# Given data:
-=-=-=-=-
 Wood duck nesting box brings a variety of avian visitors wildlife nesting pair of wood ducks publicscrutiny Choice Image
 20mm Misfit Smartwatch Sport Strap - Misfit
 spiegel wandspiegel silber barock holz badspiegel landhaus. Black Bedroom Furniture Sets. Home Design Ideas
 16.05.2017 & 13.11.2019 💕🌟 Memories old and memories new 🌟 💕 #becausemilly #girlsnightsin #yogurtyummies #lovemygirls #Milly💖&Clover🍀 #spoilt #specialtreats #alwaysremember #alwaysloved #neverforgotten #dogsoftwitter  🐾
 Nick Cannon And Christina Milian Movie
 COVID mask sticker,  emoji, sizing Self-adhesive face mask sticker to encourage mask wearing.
-=-=-=-=-
# Aim of the task:
The expected result is an exact transcription of the lines from the one containing "spiegel wandspiegel silber" through the end of the records above; please include both ends.

# Answer to this task:
 spiegel wandspiegel silber barock holz badspiegel landhaus. Black Bedroom Furniture Sets. Home Design Ideas
 16.05.2017 & 13.11.2019 💕🌟 Memories old and memories new 🌟 💕 #becausemilly #girlsnightsin #yogurtyummies #lovemygirls #Milly💖&Clover🍀 #spoilt #specialtreats #alwaysremember #alwaysloved #neverforgotten #dogsoftwitter  🐾
 Nick Cannon And Christina Milian Movie
 COVID mask sticker,  emoji, sizing Self-adhesive face mask sticker to encourage mask wearing.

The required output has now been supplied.